>>>>

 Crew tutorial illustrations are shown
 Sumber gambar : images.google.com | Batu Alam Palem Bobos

<<<<
>>>>

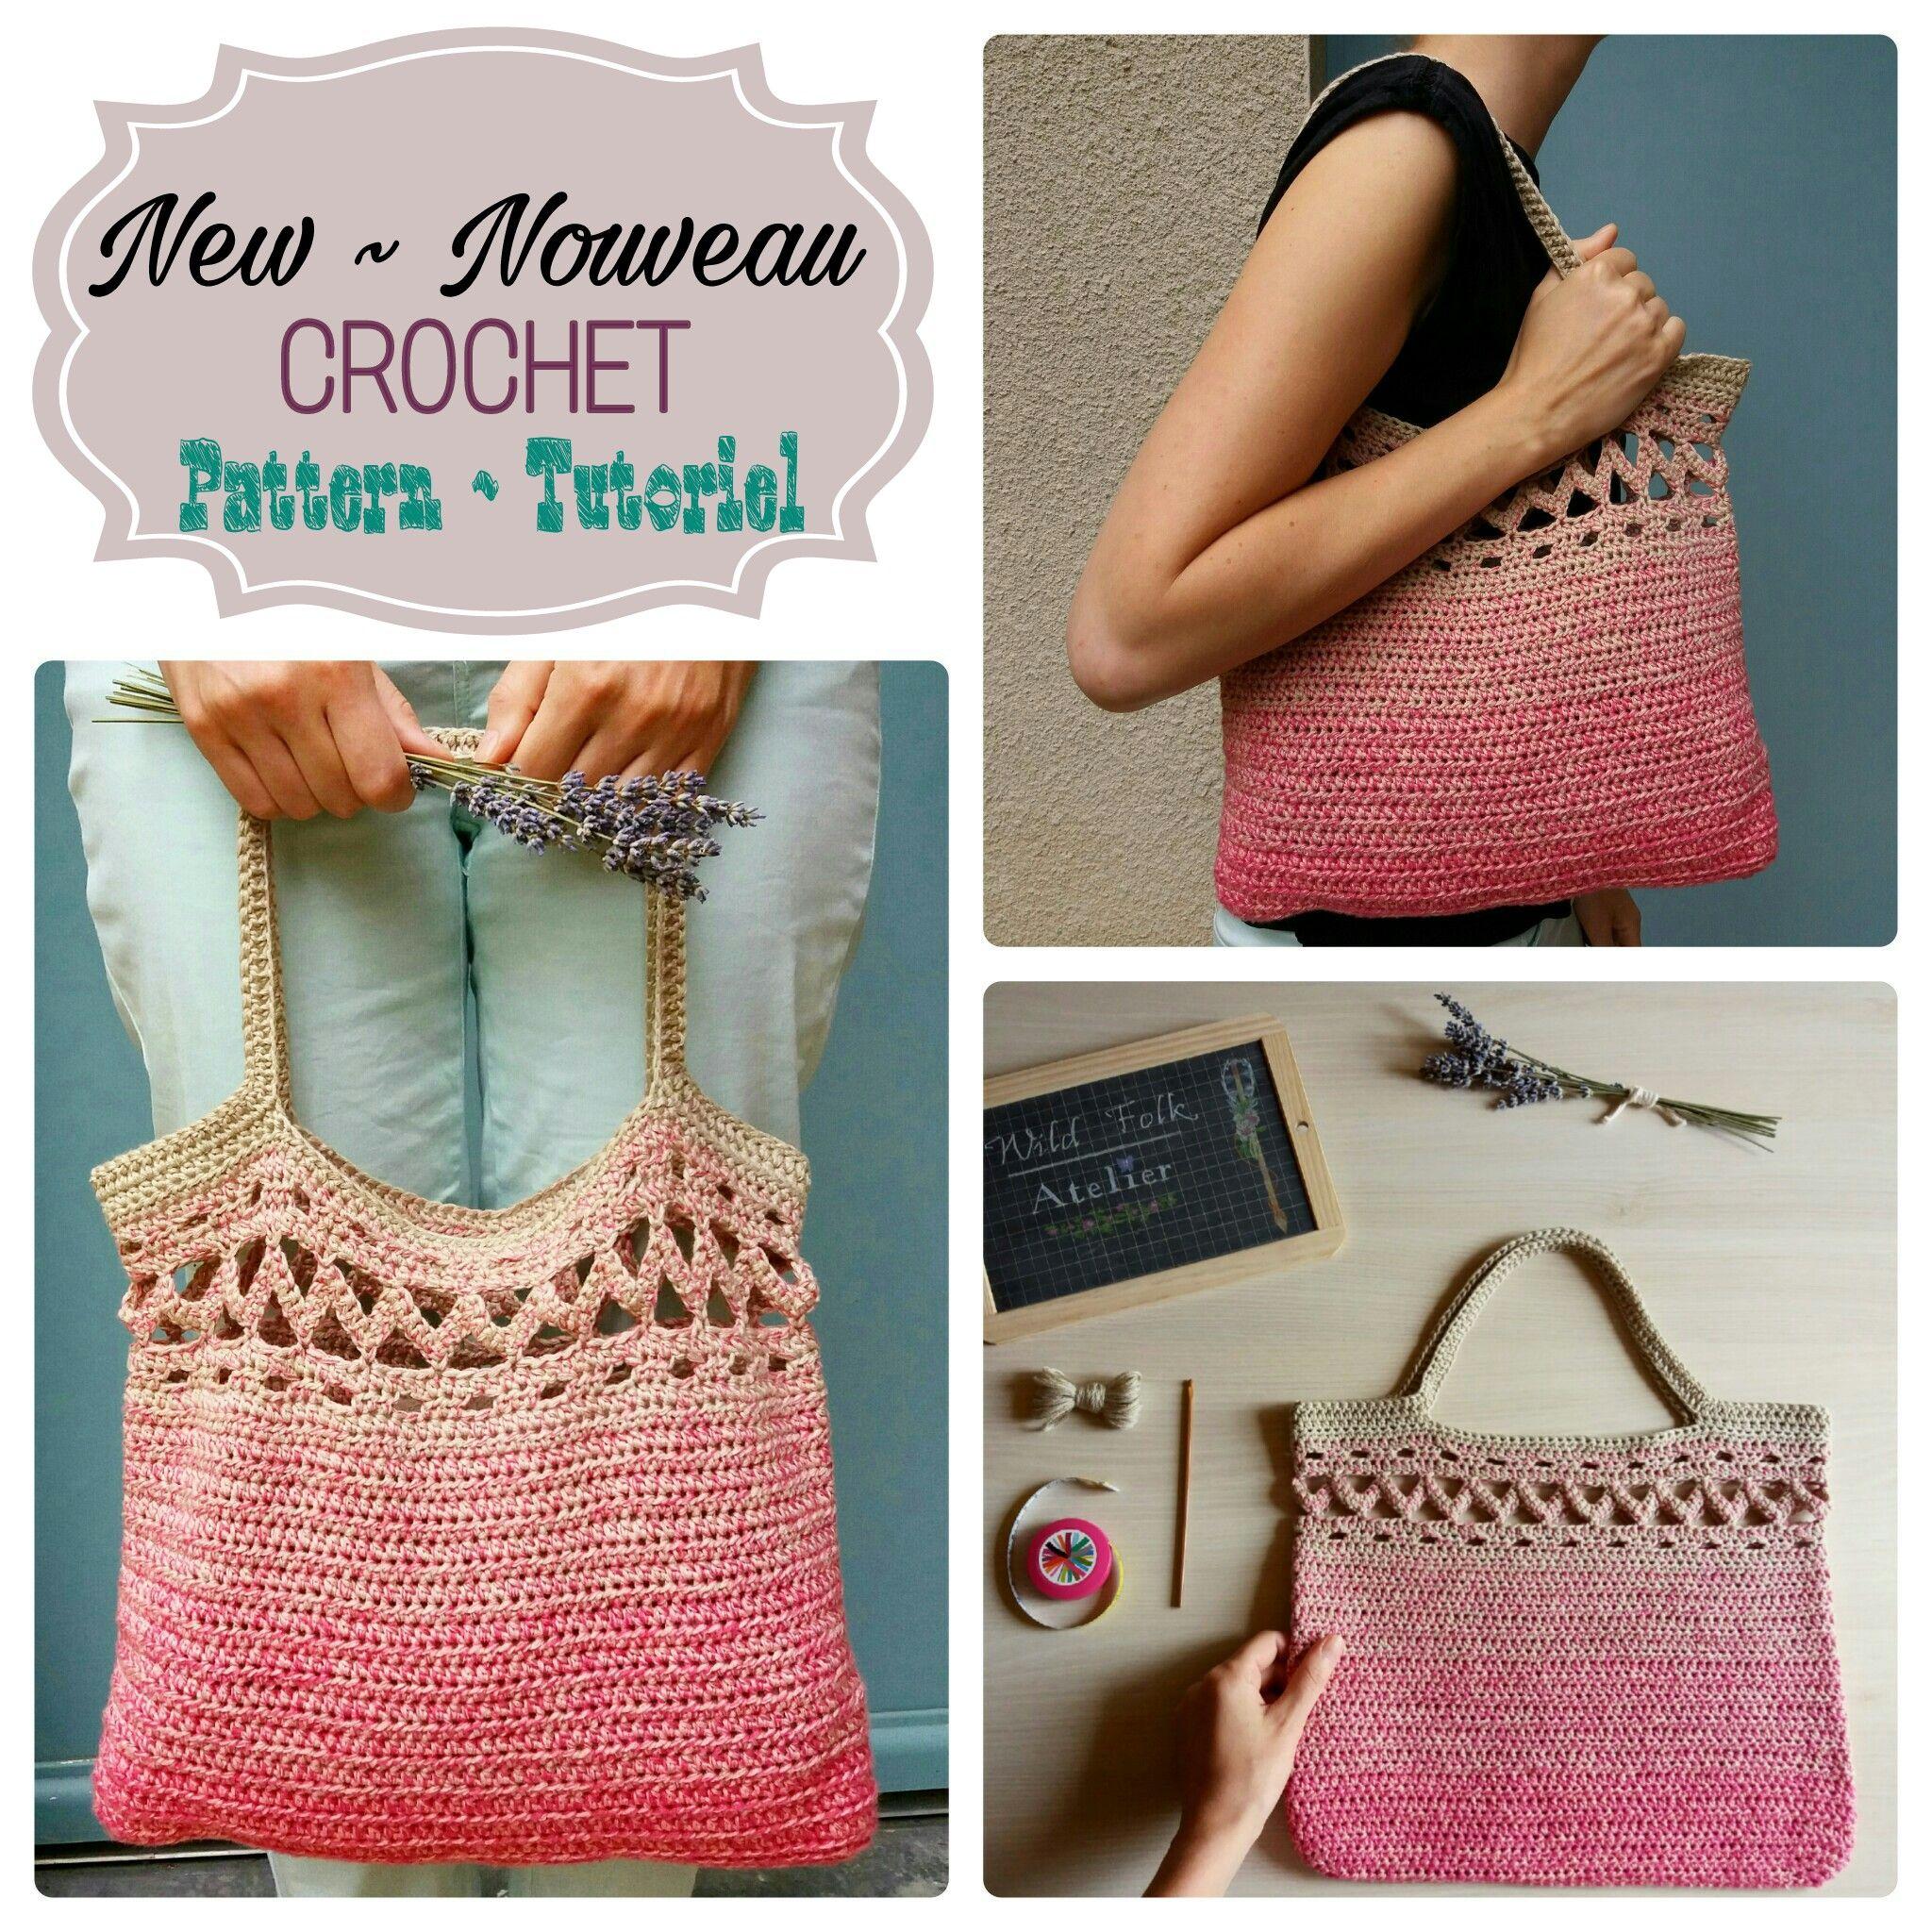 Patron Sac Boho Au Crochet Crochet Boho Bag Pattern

<<<<
>>>>

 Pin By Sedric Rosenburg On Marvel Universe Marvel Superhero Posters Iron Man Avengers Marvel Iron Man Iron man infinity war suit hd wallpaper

<<<<

● **TASK OBJECTIVE**
Here the job is to set down exactly the lines of the material above that fall between the one with "Crew tutorial illustrations are shown" and the one with "Sumber gambar : images.google.com", inclusive, and nothing beyond them.

● **EXERCISE OUTPUT**
 Crew tutorial illustrations are shown
 Sumber gambar : images.google.com | Batu Alam Palem Bobos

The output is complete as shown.